WHAT NEEDS TO BE DONE: Repeat all of the data below word for word, keeping no images.

PROVIDED DATA:

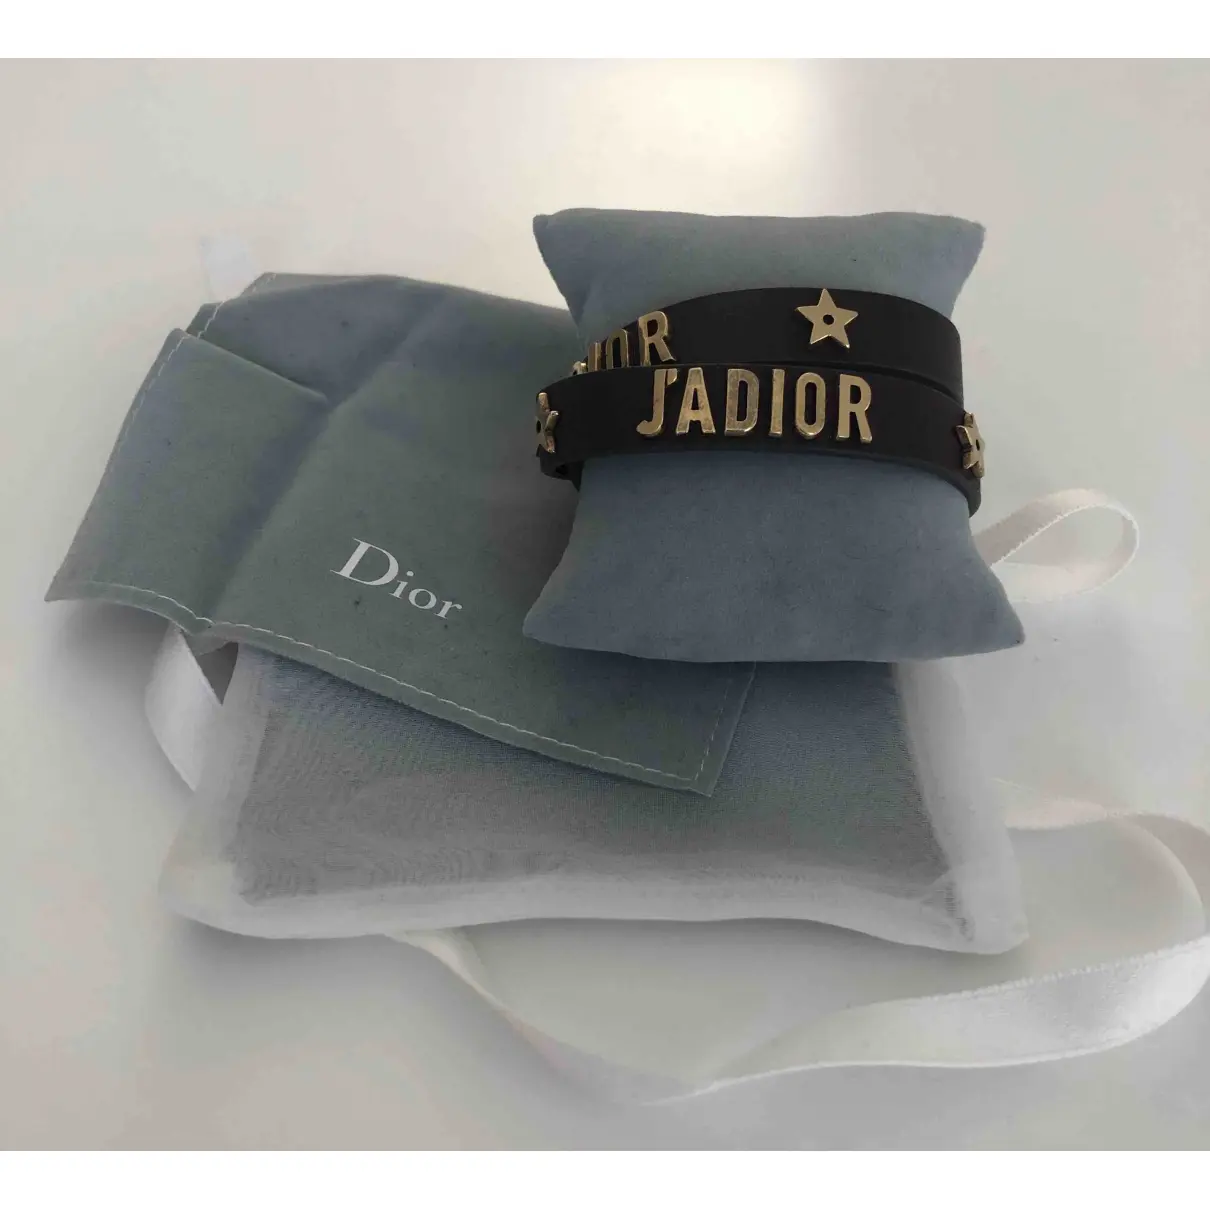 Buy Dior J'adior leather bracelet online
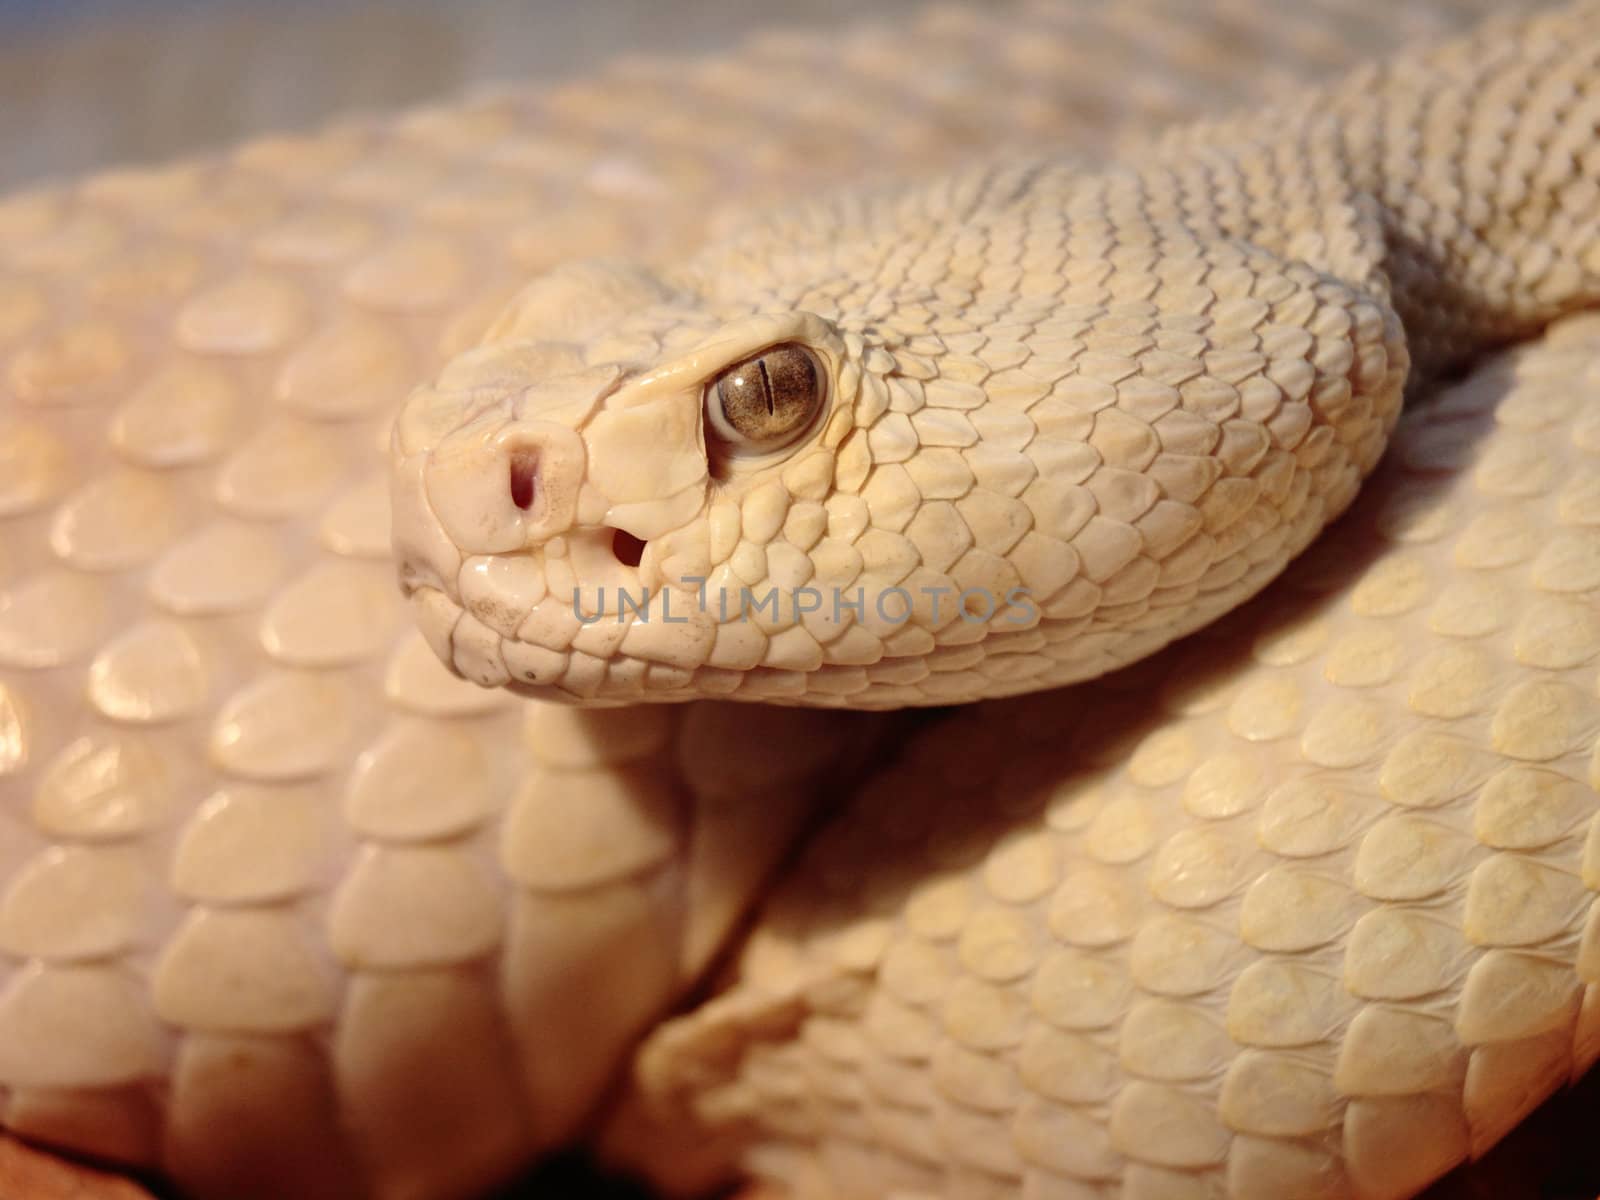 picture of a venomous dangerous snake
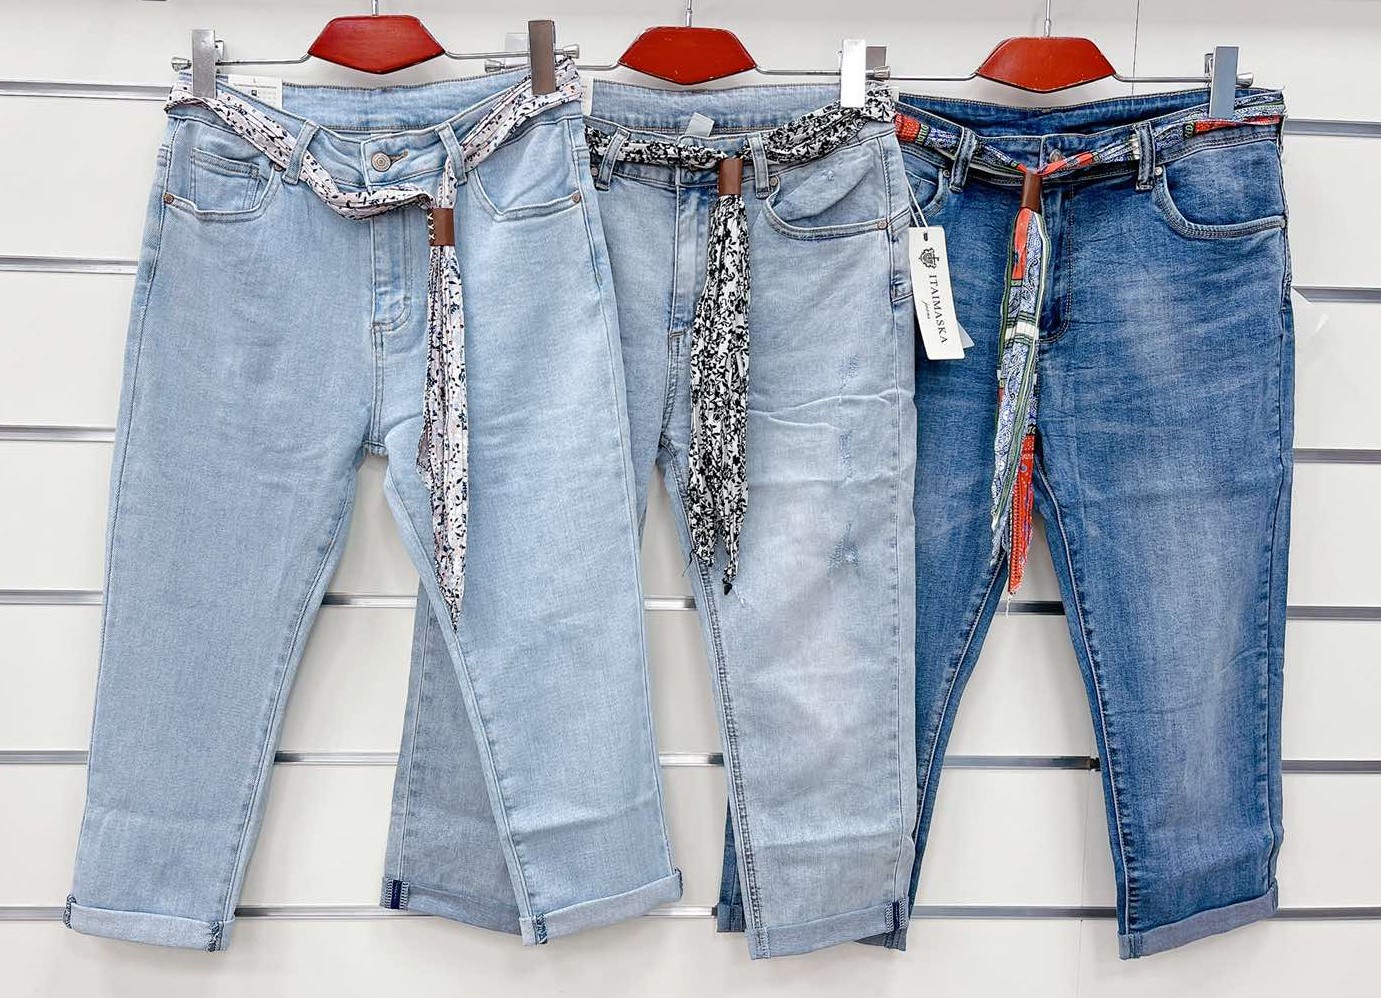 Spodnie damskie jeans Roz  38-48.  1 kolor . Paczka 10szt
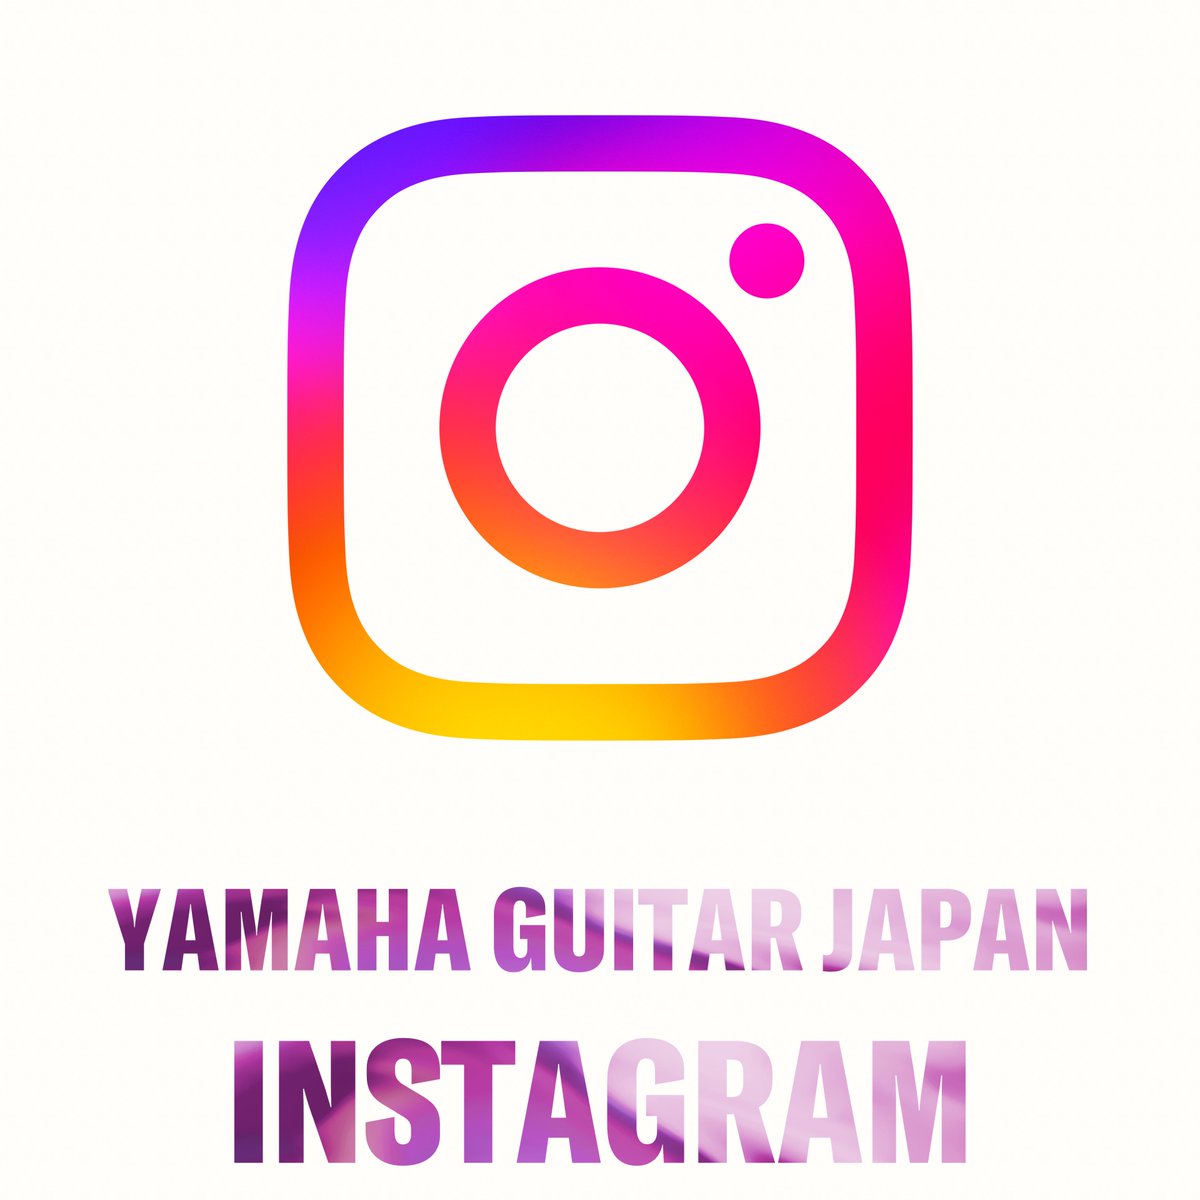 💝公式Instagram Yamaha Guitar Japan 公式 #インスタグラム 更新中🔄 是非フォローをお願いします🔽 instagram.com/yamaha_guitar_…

ANSWER SPACE:
 Buy Dior J'adior leather bracelet online
 picture of a venomous dangerous snake
 Spodnie damskie jeans Roz  38-48.  1 kolor . Paczka 10szt
 💝公式Instagram Yamaha Guitar Japan 公式 #インスタグラム 更新中🔄 是非フォローをお願いします🔽 instagram.com/yamaha_guitar_…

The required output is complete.